This method is based on a series of factors, which resemble many of the factors previously used in the weighted and critical factor methods. However, in spite of oversimplification and the inability of these factors to shift with changing economic conditions, these formulas have been included because they are routinely used by a buyer in evaluating a purchase. The following factors have been taken into consideration:

Finance Years

This factor assumes the greater the loan period, the more a buyer will pay.

Financing Rate

This factor considers interest rates and types. It decreases the amount payable to a seller as the cost of financing increases.

Years in Operation

This factor assumes each year of past survival indicates a greater chance of future survival.

Consulting Time

This factor pays for education time from a seller.

Employees

This factor decreases value for a greater number of employees, as having a larger work force can create greater labor problems.

Net Cash

The greater a business's discretionary cash, the more a buyer should be willing to pay.

Local Economy

A better economy provides more certainty of future success, giving the business a higher value.

Labor Market

This factor assumes labor is a major business cost. If the labor market is soft for this business, labor cost will not rise; the converse is also true. The following have a direct effect on the labor market and therefore on the business value: union strength, age of industry, national economy, and industry market.

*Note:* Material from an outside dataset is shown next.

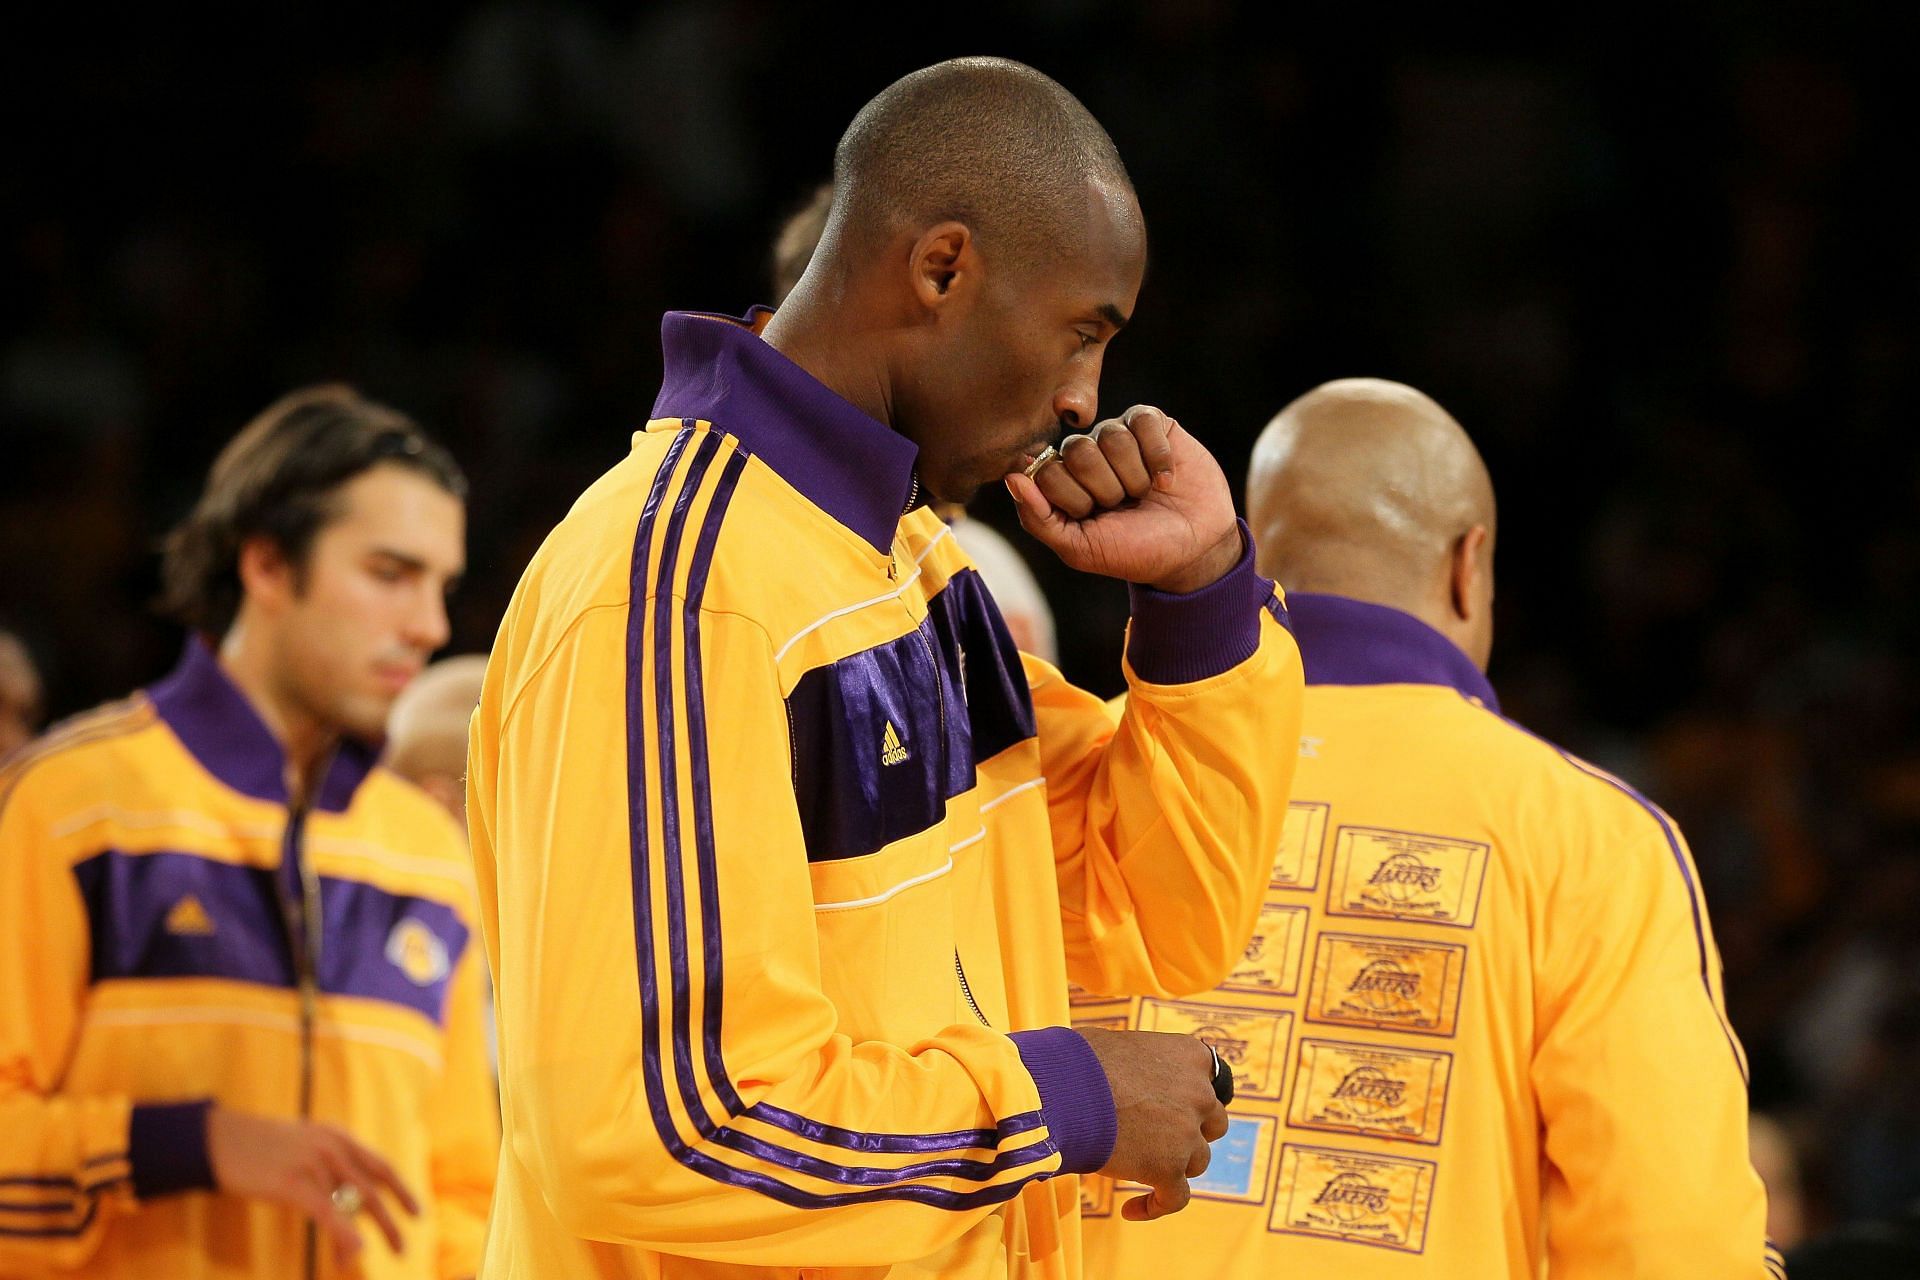 Kobe Bryant #24 of the Los Angeles Lakers kisses his 2009-2010 Championship Ring after the Lakers were given the rings during a ceremony prior to their opening night game against the Houston Rockets at Staples Center on October 26, 2010 in Los Angeles, California.

This factor also assumes that if a business requires high level skills, it poses a higher risk and, therefore, is worth less to a potential buyer.

Union Strength

This factor analyzes how an outside organization can control your business. The less control a business has over its labor force, the less a potential buyer is willing to pay.

Age of Industry

This factor increases value for stability and longevity in proportion to an industry’s age.

National Economy

This factor assumes a growing economy increases a business's demand and price. Conversely, a declining economy decreases demand for a particular business and its price.

Industry Market

This factor looks at the future markets for the products or services of this company and industry. The security or risk assigned to the future will directly raise or lower any suggested price.

Upper: $534,308.

Lower: $461,508.

Weighted Factors

This method assumes that the business value is based on the highest potential value of assets plus the discretionary cash flow multiplied by a factor, which is based on the learning curve for this type of business. The current demand for this industry and business are also taken into account. The business value represents the maximum possible price a buyer would pay given a business at this scale of operations and profit level. Each factor adds or deducts from the target value to arrive at a suggested price. Each of the following factors has an affect on the final suggested price.

Labor

This factor weighs the stability of a company’s labor force and the changes, which may reduce profits under a new owner.

Predictability

This factor reviews the company’s historical and current trends compared to the local and national economic trends.

Management

This factor estimates the integrity of the current management system and how changes of ownership will impact the business.

Competition

This factor weighs the possibility of a new owner going out of business because of a saturated market.

Revenues

The past and present problems of collecting revenues will probably remain unchanged under new ownership.

Longevity

The number of years a business entity has survived and grown is usually proportional to the confidence level for future survival. This factor balances lease rates, years at this location, and the utility of this location for this business against current and potential competitive locations.

Loan Ability

This factor weighs this company’s ability, based on its own assets, to acquire funding from lenders.

Clientele

This factor weighs the stability of clients and future expectations for revenue from those clients after a management change.

Liability

This factor weighs the hazard level of this business and how easily a bankruptcy situation could occur.

Upper: $989,589.

Lower: $617,066.

Multiple or Average Value Method

This method is the average of all of the previously described formulas based on theory that a reasonable buyer will use more than one of the previous formulas. An average value derived from all of the formulas should represent the actions of a reasonable buyer.

Upper: $1,703,958.

Lower: $950,355.

Conclusions

All of the formulas described above are calculated and displayed in price ranges with a maximum and minimum level because the data used to calculate these values are based on estimates.

Upper Range Pricing

The upper range pricing represents the seller’s optimistic view of his business given current market constraints.

Upper: $1,703,958.

Lower Range Pricing

The lower range pricing represents the buyer who is primarily concerned with financial rewards including return on investment and return on equity, and will buy a business based on conservative financial estimates.

Lower: $950,355.

Suggested Price Range

The suggested price range is based on all of the evaluation methods. It is strongly based on the multiple averages but occasionally differs for a variety of reasons.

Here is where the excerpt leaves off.